Mr. Strosberg first dipped his toe back into a courtroom last Aug. 31, making a brief appearance before a judge in Windsor to argue against a motion in a class-action case, and he was granted special permission to videotape the proceedings.

“I won at the end. And it was exhilarating to me. The issues weren’t important at all,” Mr. Strosberg said.

That experience of arguing a case after his stroke taught him a valuable lesson, he said, now that he speaks more slowly: All lawyers should take their time.

“Many lawyers speak too fast,” he said. “They think they have a minute or two minutes, and they race to get the most words in a minute. That’s wrong. You have to think about the concept of the judge being persuaded.

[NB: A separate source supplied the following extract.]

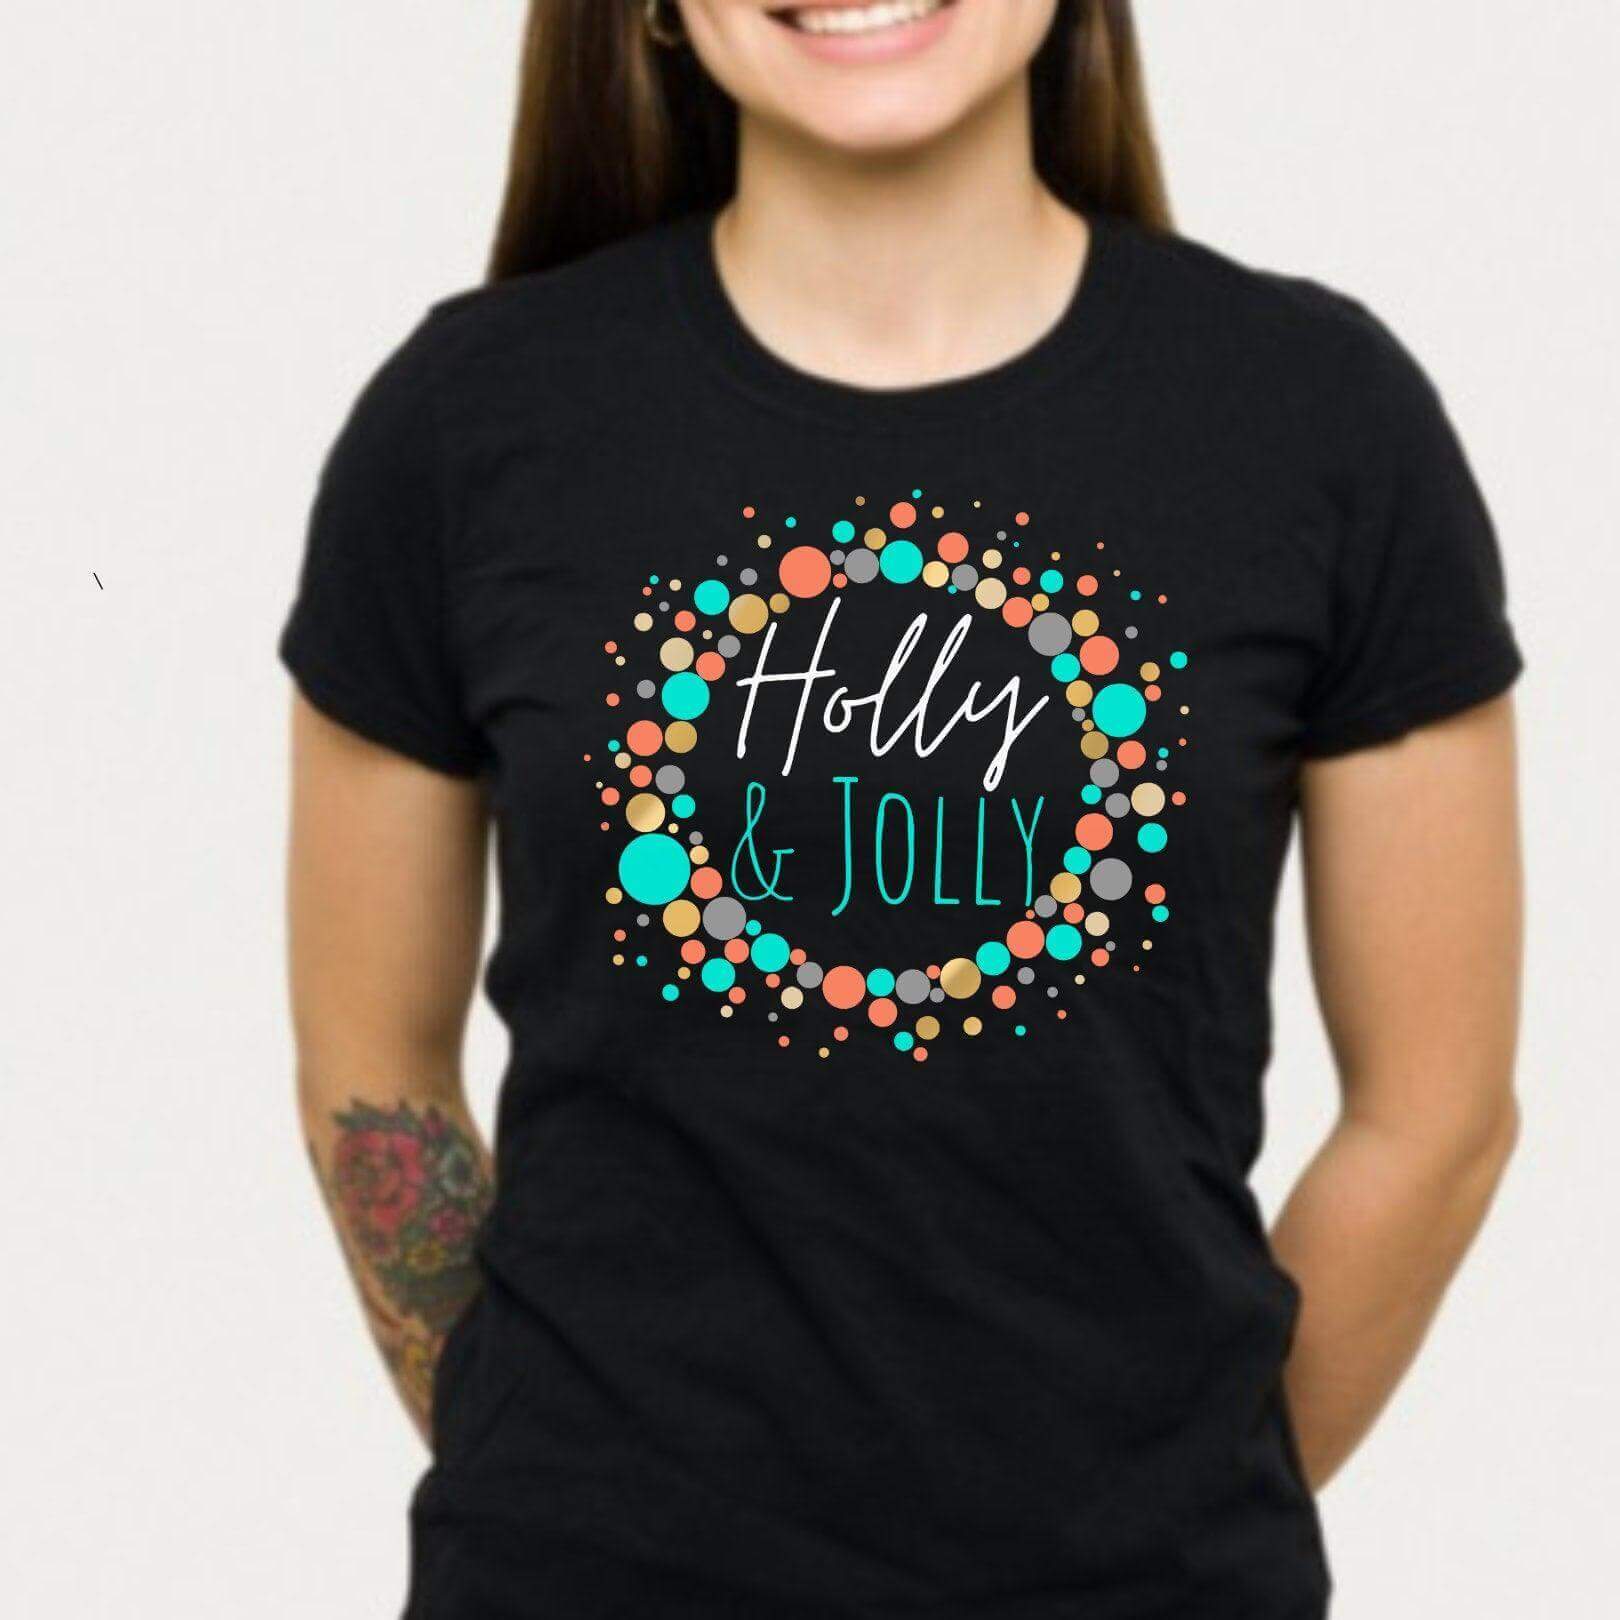 Holly Jolly Christmas Shirt - Winks Design Studio,LLC

If you take your time, he’ll or she’ll get the idea simpler and faster.”

His daughter Sharon Strosberg, who like her brother Jay is also a lawyer at her father’s firm, was there and says it was an emotional day, capping months of not knowing how just how much of his speech her father could recover: “He kept saying, ‘I will be back, I will be back.’ And we all started to believe it.”

In two months, Mr. Strosberg will face an eight-week trial in a class-action case involving Manulife Financial Corp. and its demutualization.

Mr. Strosberg, bounding around his Spartan Toronto condo explaining his ordeal, stressed that he is indebted to the lawyers for Manulife – Torys LLP’s Sheila Block and Wendy Matheson – for agreeing to postpone the trial while he recovered.

He has lost 40 pounds, meditates and naps every day, does yoga, and says he has changed his outlook on life.

“I was so grateful for being alive, I forgave anyone that was being mean to me, or did bad things to me,” Mr. Strosberg said. “… And I asked forgiveness for everyone that I did badly to. Then I was free. … I’m the happiest man in the world.”